Trump anuncia cobrança de 20% sobre cargas no Estreito de Ormuz e amplia tensão com o Irã
Presidente dos EUA afirma que Washington assumirá o controle da principal rota do petróleo mundial; Teerã reage com ameaças e promete resistir à medida
Donald Trump — Foto: REUTERS/Jonathan Ernst O presidente dos Estados Unidos, Donald Trump, afirmou nesta segunda-feira (13) que os EUA passarão a atuar como "guardiões" do Estreito de Ormuz e cobrarão uma taxa equivalente a 20% sobre toda a carga transportada pela rota marítima.
A declaração foi feita durante entrevista à emissora Fox News e reforçada posteriormente em publicação na rede Truth Social. Segundo Trump, a cobrança serviria para compensar os custos da operação de segurança na região.
"O Estreito de Ormuz está aberto e permanecerá aberto, com ou sem o Irã", afirmou o presidente americano.
A proposta representa uma mudança de posição em relação às declarações feitas por Trump em junho, quando afirmou que não haveria qualquer tipo de pedágio na via marítima.
O Estreito de Ormuz é considerado uma das rotas comerciais mais estratégicas do planeta. Antes da escalada do conflito entre Estados Unidos e Irã, cerca de 20% de todo o petróleo e gás comercializados mundialmente passavam pela região.

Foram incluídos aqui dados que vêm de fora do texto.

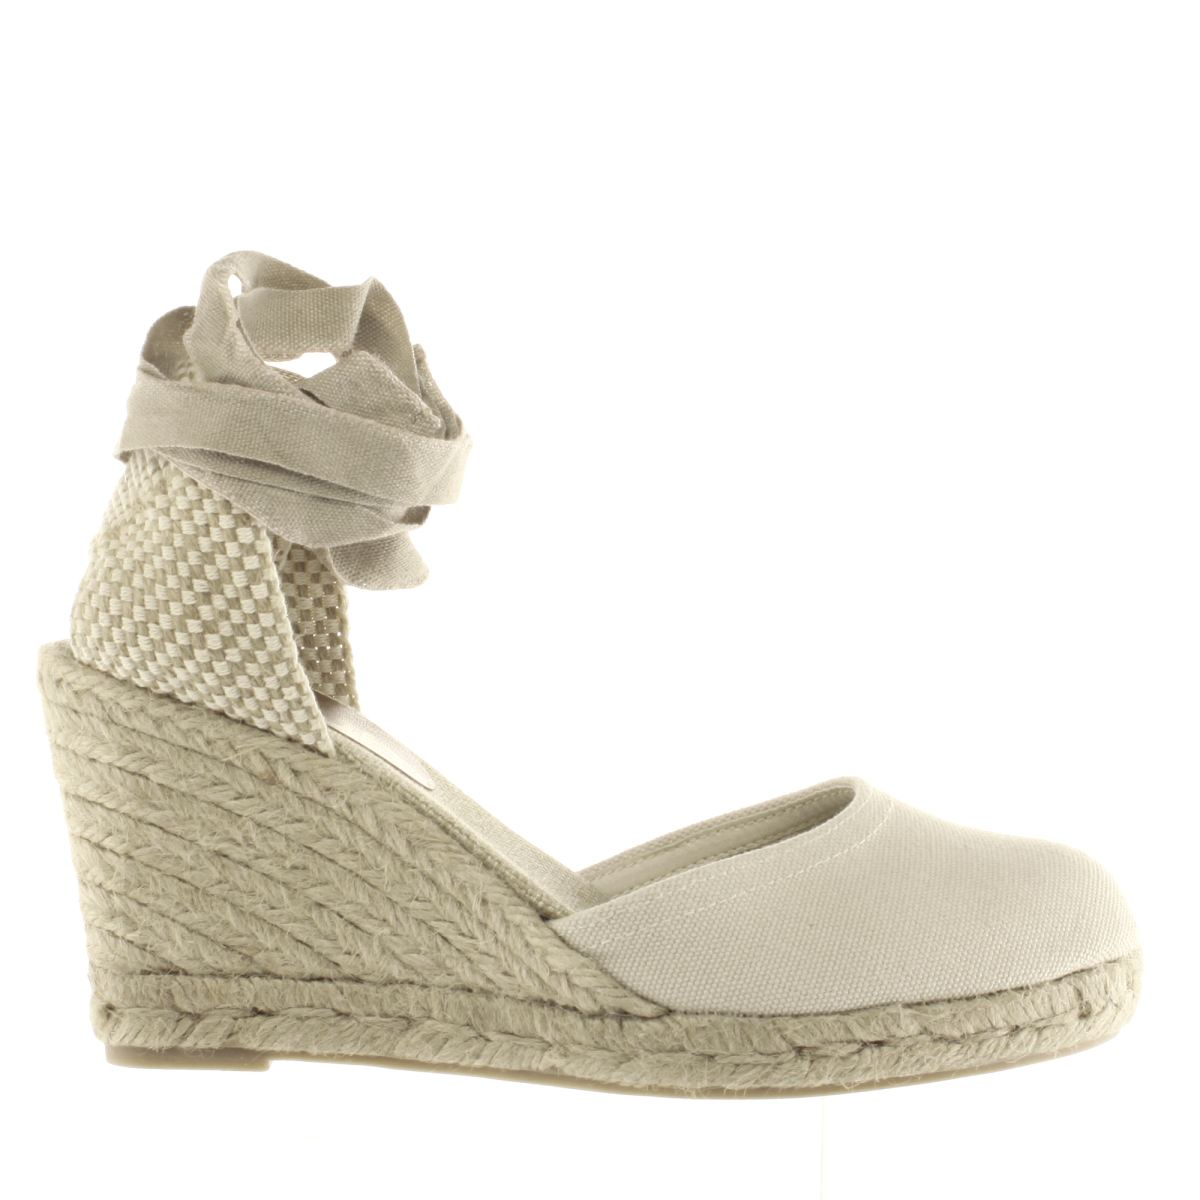 schuh stone parade sandals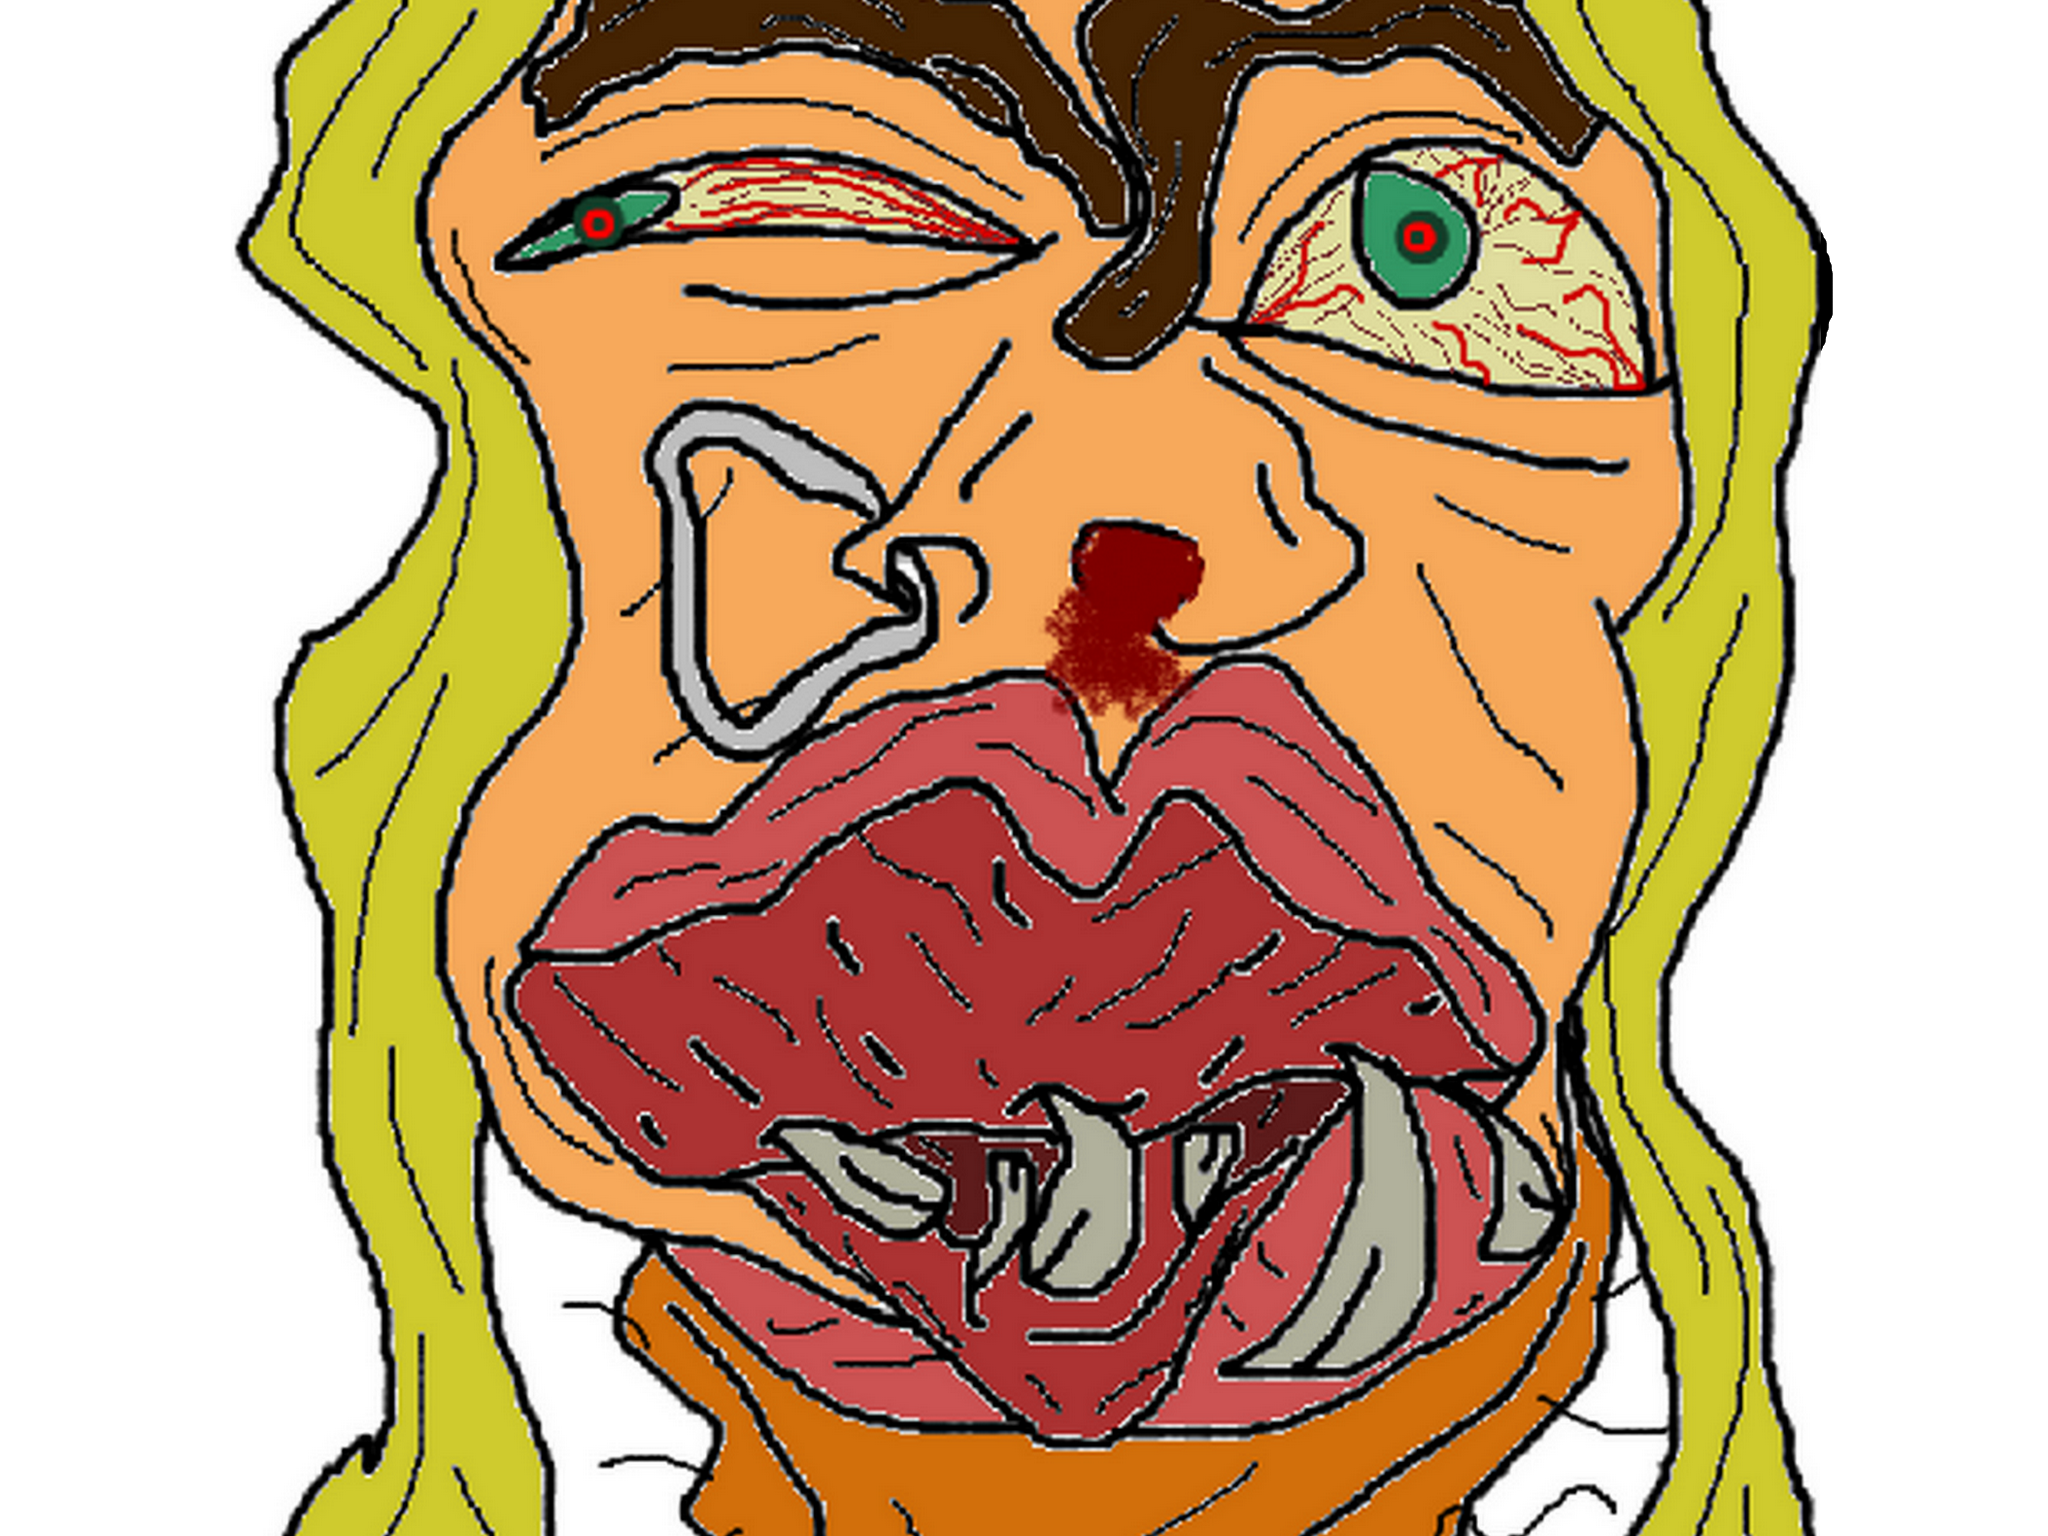 Sticker other feministe ugly moche creepy monstre omg

A reação iraniana foi imediata. O comando militar de Teerã declarou que não aceitará qualquer tentativa dos Estados Unidos de administrar a passagem e afirmou que qualquer atuação americana sem autorização iraniana será "fortemente contestada". A Guarda Revolucionária também reiterou que mantém autoridade sobre o estreito e acusou Washington de colocar em risco a segurança energética mundial.
Nos últimos dias, a região voltou a registrar forte escalada militar. Após ataques iranianos contra embarcações comerciais, os Estados Unidos realizaram novas ofensivas contra alvos militares iranianos. Em resposta, Teerã lançou ataques contra países que abrigam bases americanas no Oriente Médio, aumentando o temor de uma ampliação do conflito.
A disputa pelo controle do Estreito de Ormuz pode provocar impactos diretos no comércio internacional e no preço global do petróleo, já que a passagem é considerada um dos principais corredores estratégicos para o abastecimento energético do mundo.